To make it easy for you, we’ve rounded-up some of the best experiences you and the family can share in Vanuatu in 2019:

1. Snorkel off Hideaway Island

For an easy day trip from Vanuatu’s harbourside capital, Port Vila, take a short boat ride over to Hideaway Island to explore its Marine Sanctuary. Here the family can relax and swim with fascinating fish and colourful coral or watch the underwater world from above in a glass-bottom boat. For a unique Hideaway experience, visit the underwater post office – you can send a postcard from the world’s first underwater post office.
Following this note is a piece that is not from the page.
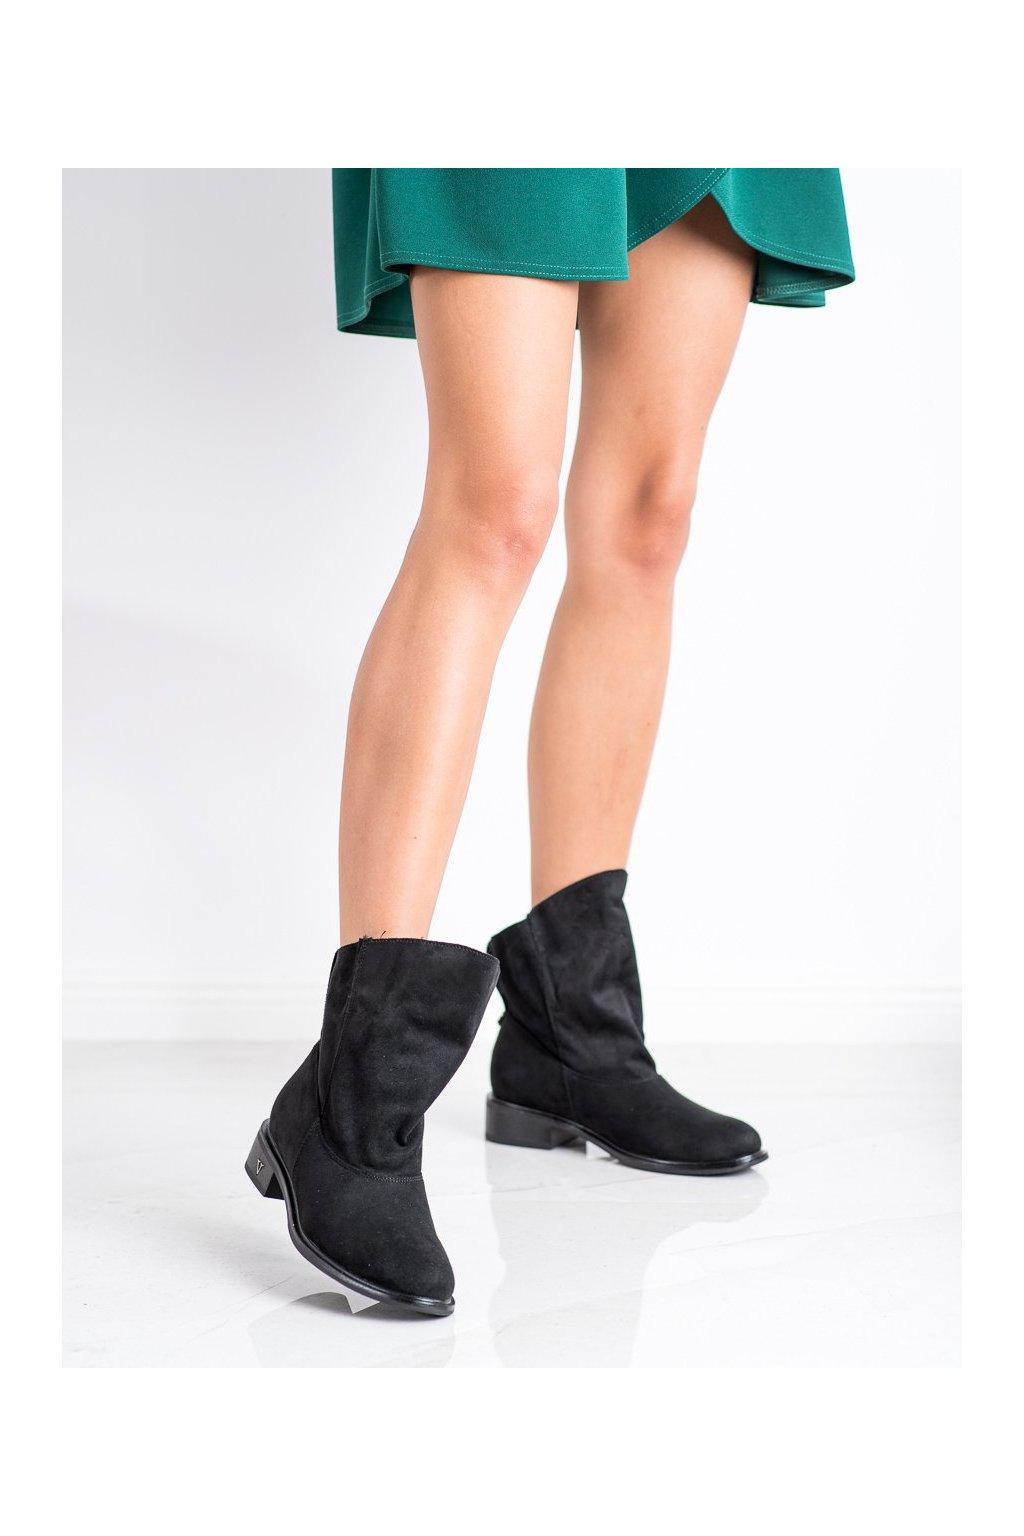 Čierne dámske topánky Gogo kod 6672B

2. Swim in the bluest of waters

Vanuatu is home to fantastic waterfalls like the Lolima waterfalls on Efate; pristine coastlines like Champagne Beach on Espiritu Santo, and one of the most stunning natural wonders, crystal-clear freshwater blue lagoons. The east coast of Espiritu Santo boasts more blue holes than anywhere else in the world, including one of the most spectacular, Nanda Blue Hole, which can be found hidden amongst Santo’s lush rainforest.

3. Meet the locals

Vanuatu has been recognised as one of the world’s most culturally diverse countries, which isn’t surprising when you consider it is home to 110 distinct cultures and languages. Head to Tanna Island, and visit Yakel, where the Oscar-nominated ‘Tanna’ movie was filmed. One of the friendliest of communities, it is almost guaranteed your kids will make friends with the locals and immerse themselves in a culture vastly different from their own. They’ll be dancing on the beach and diving head first into the waves together by the end of the trip.
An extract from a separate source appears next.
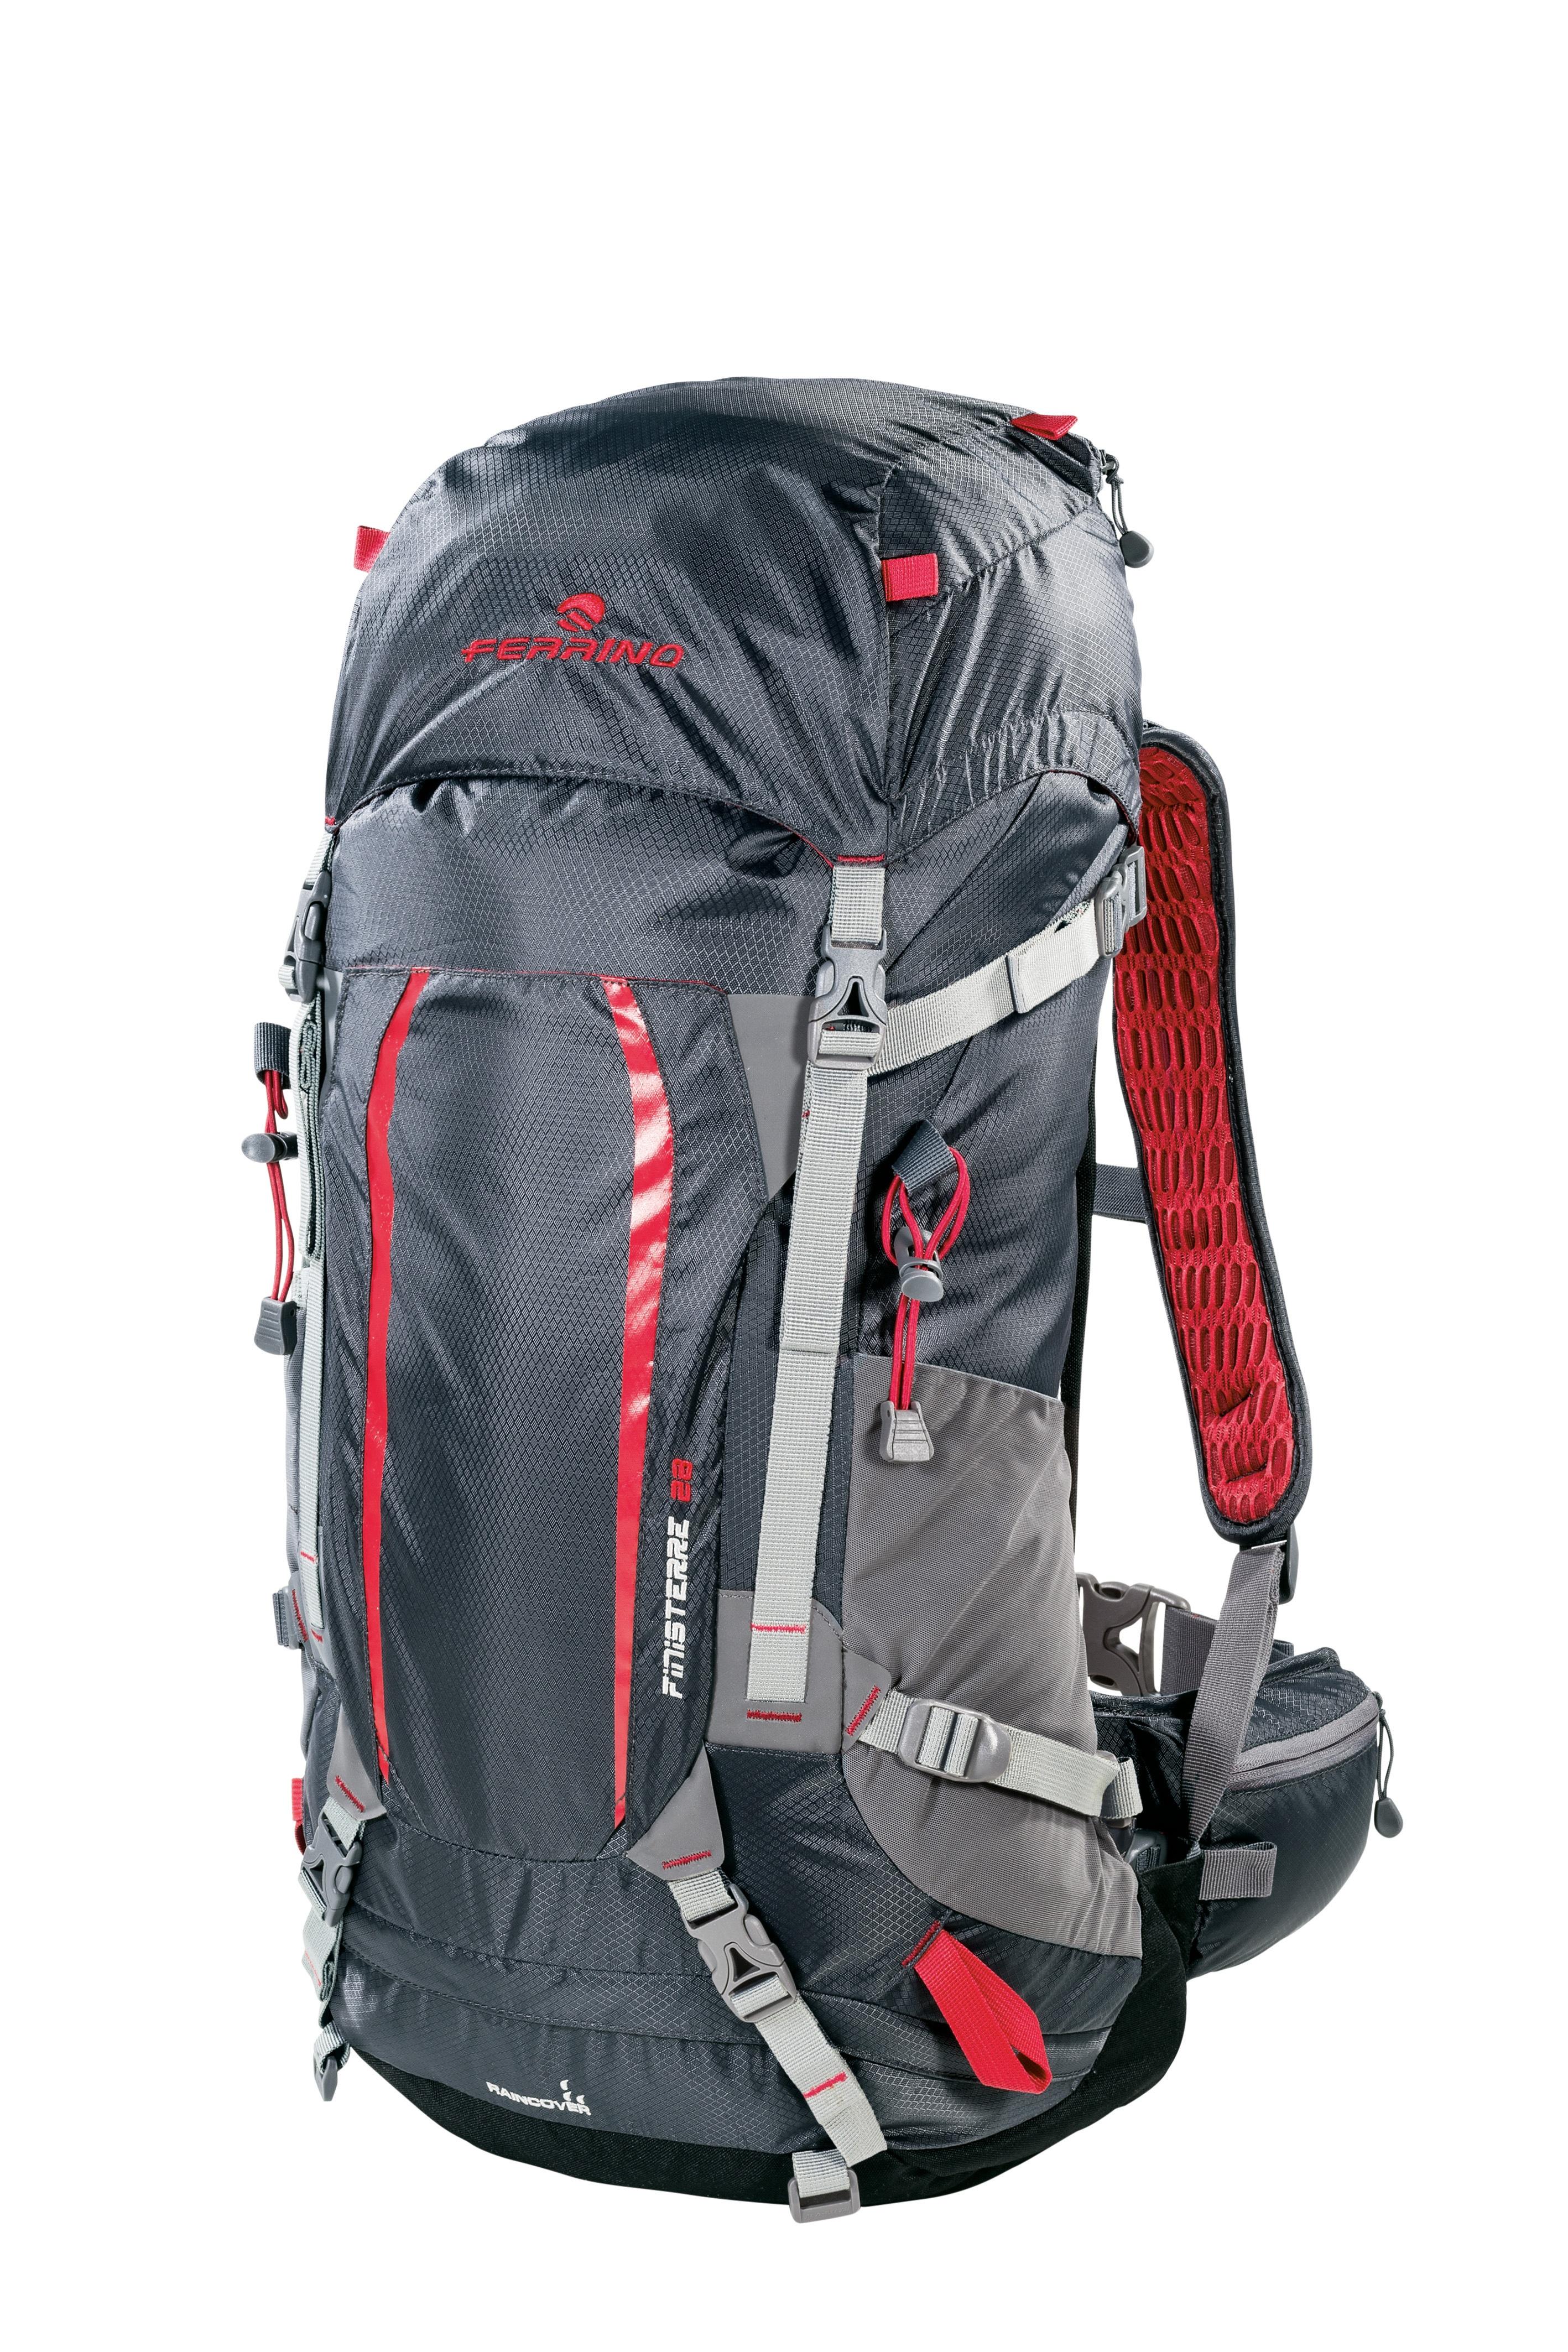 Как уберечь рюкзак от дождя фоторюкзак burton 2014 focus pack true black

4. Walk over water at Eden on the River

For an entire day of jungle-filled adventure, look no further than Eden on the River, located on Efate. All ages will get a thrill out of soaring through the trees on the jungle zip lines or scrambling over the suspension bridges. Alternatively, you can take a dip in the calm river or stroll through the tropical gardens.

5. Incredible family resorts

With an array of family-friendly resorts on offer, you’ll be spoiled for choice. Resorts primely located in the archipelago’s capital of Port Vila like Warwick Le Lagon, Holiday Inn and Iririki Resort and Spa all offer free use of their in-house Kids’ Club; a range of fun, organised activities; free meals for kids 13 years and under; and purpose-built children’s pools. To really impress the kids, try Holiday Inn’s overwater family villa, complete with board games, bean bags and a PlayStation.

 

Special thanks to GTI Tourism on behalf of The Vanuatu Tourism Office for sharing the above images and top five reasons for visiting Vanuatu!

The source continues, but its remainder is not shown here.